During the kosovo conflict, all Western journalists, save one—Canadian Paul Watson reporting for the Los Angeles Times—did the sensible and safe thing and stayed out of Kosovo once NATO started its bombing campaign. But Watson felt that in good conscience he couldn’t remain outside and went right back in and continued to file throughout the war. Said Watson (who was awarded the George Polk Award in 1999 for his reporting of the war in Kosovo) in a piece reflecting on what he’d done: “The few colleagues who knew what I was doing said I was insane. My wife understood that I had to go back. So I went. It would probably take a psychiatrist to really understand why I felt compelled to return and offer Serbs an easy target for revenge against Westerners but everyone has his own ghosts.” And Watson is one of the few correspondents who says openly that some stories are worth dying for. In a March 2000 Freedom Forum debate in London on the coverage of Kosovo he said that “I don’t wish death on anybody, but in this business if you choose to do it, the first decision you have to make is: “‘I’m willing to make the sacrifice.’”
I did put the question to a Canadian psychiatrist, one who himself has been under fire and is fascinated by what motivates journalists to take the risks they do. Dr. Anthony Feinstein, a South African by birth, served as a medical officer during the bloody Namibian conflict in 1984. He kept a diary, later published in a small book called In Conflict. Feinstein, who distinguished himself in his medical work in the conflict, is greatly admiring of those journalists who do feel a higher calling and are willing to put their lives on the line: “I would put it to you that journalists who go to extraordinary lengths to report the truth obviously show a greater degree of personal courage and are motivated by a strong sense of personal justice.” Dr. Feinstein, who practices psychiatry at the University of Toronto’s Sunnybrook hospital, does worry, however, about the long-term consequences for many journalists who have witnessed too much horror and destruction. He and The Freedom Forum are about to embark on the most ambitious study yet done of journalists who may be suffering from what is referred to as post-traumatic stress syndrome.
For Andrew Kain, the ex-soldier, and for me, the former CBC producer, some of the most impressively brave journalism is practiced by local journalists who somehow find the inner strength to continue publishing newspapers and broadcasting reports that daily put them in harm’s way.

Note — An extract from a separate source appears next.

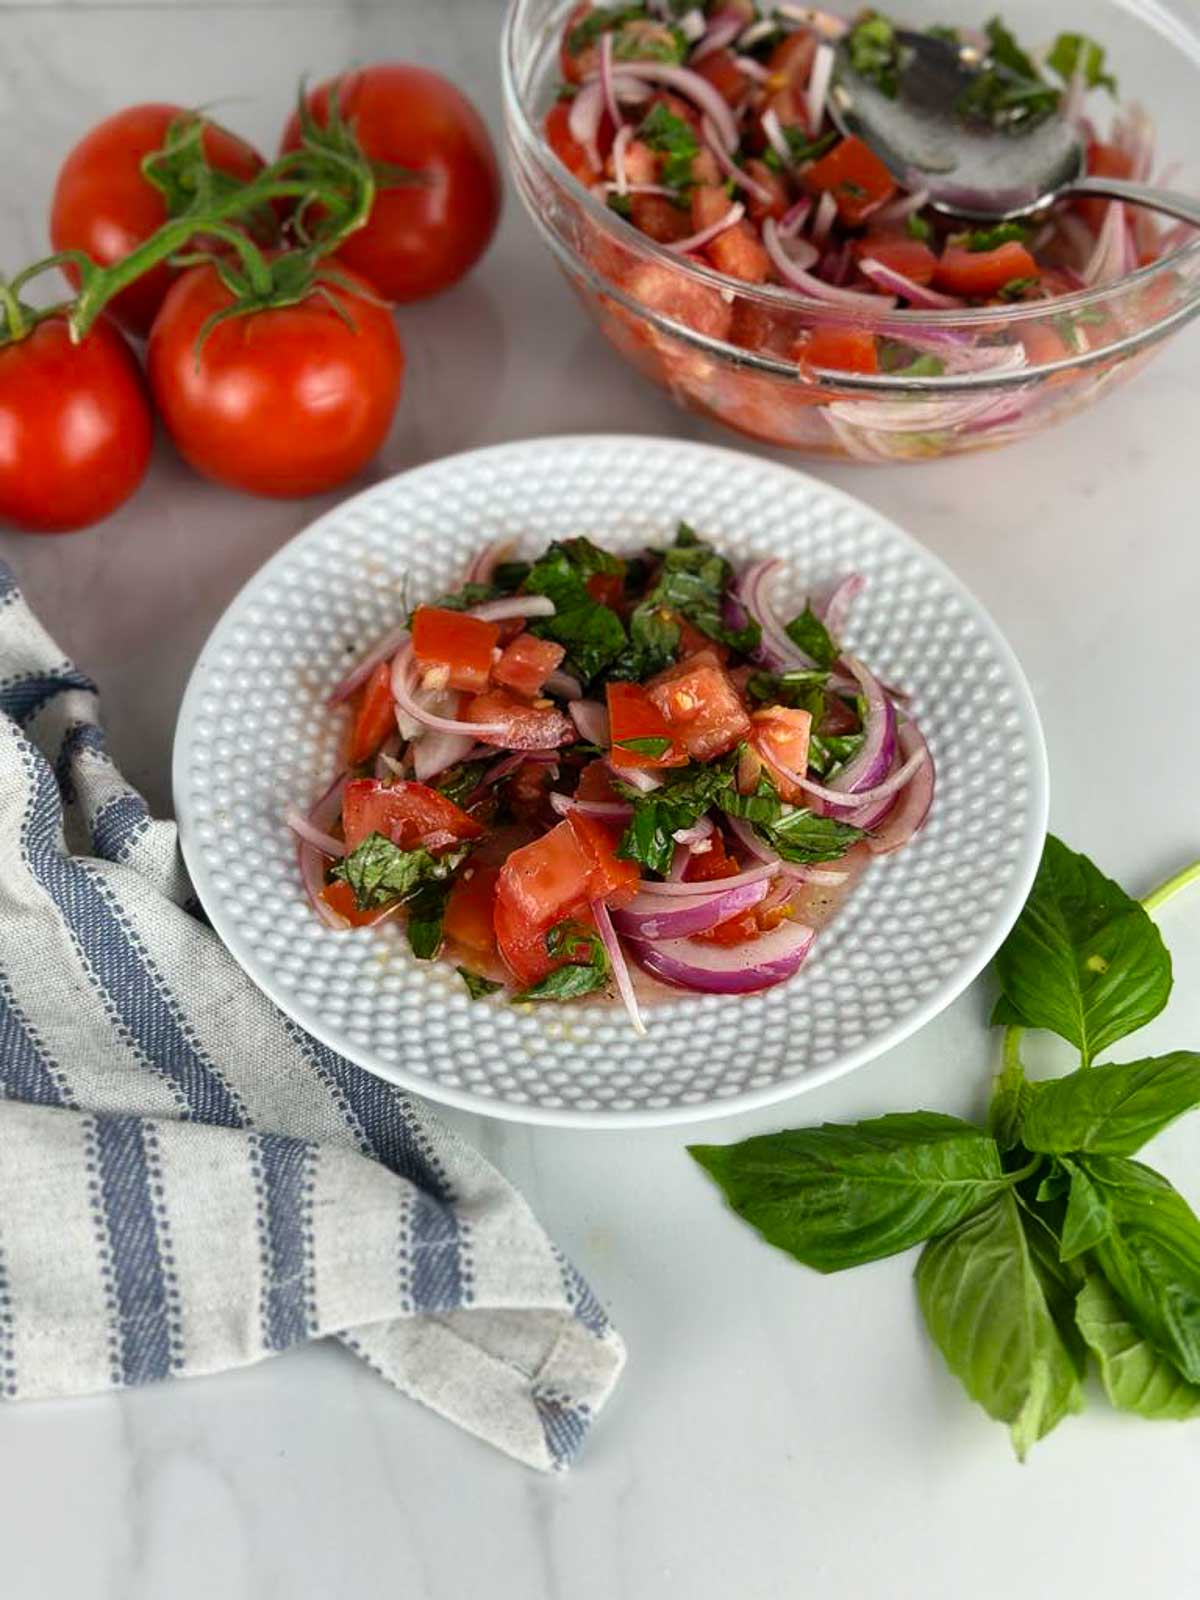 Tomato and onion salad with vinegar is a refreshing light lunch or delicious side dish or starter for any meal.

When I met up with Kain in Dubrovnik, he had just arrived from Podgorica, Montenegro, where he’d staged a version of the safety course, underwritten by The Freedom Forum, for 10 independent journalists from Serbia—many of them from the embattled B-92 news group of Belgrade (now called B-292) and five from Montenegro. They are at the knife edge of the Balkans conflict and face daily unrelenting pressure, physical intimidation and death threats. Kain is in awe of their willingness to keep going, especially given how little they’re paid—well under $100 a month in most places. On Kain’s “courage meter” this kind of risk taking ranks higher than any other journalism that he’s encountered. But can it be foolish as well?
When Kain and I were having our conversation in Dubrovnik, a young Bulgarian correspondent, Boyko Vassilev, from Bulgarian National Television joined us. He has covered, along with a cameraman, the conflicts in the Balkans by driving from Sofia, Bulgaria, staying in hostels and transporting his own canisters of gasoline. He speaks seven languages so he doesn’t need to hire translators.
Asked whether what he was doing was courageous or foolish, Vassilev whose first name means war in Bulgarian, said that “true courage is never foolish.”
“It’s a calculation you make,” he said. “And when it’s 50-50 or worse, then you don’t go.”
John Owen was chief news editor of CBC Television News and chief of foreign bureaus based in London before joining The Freedom Forum as European director.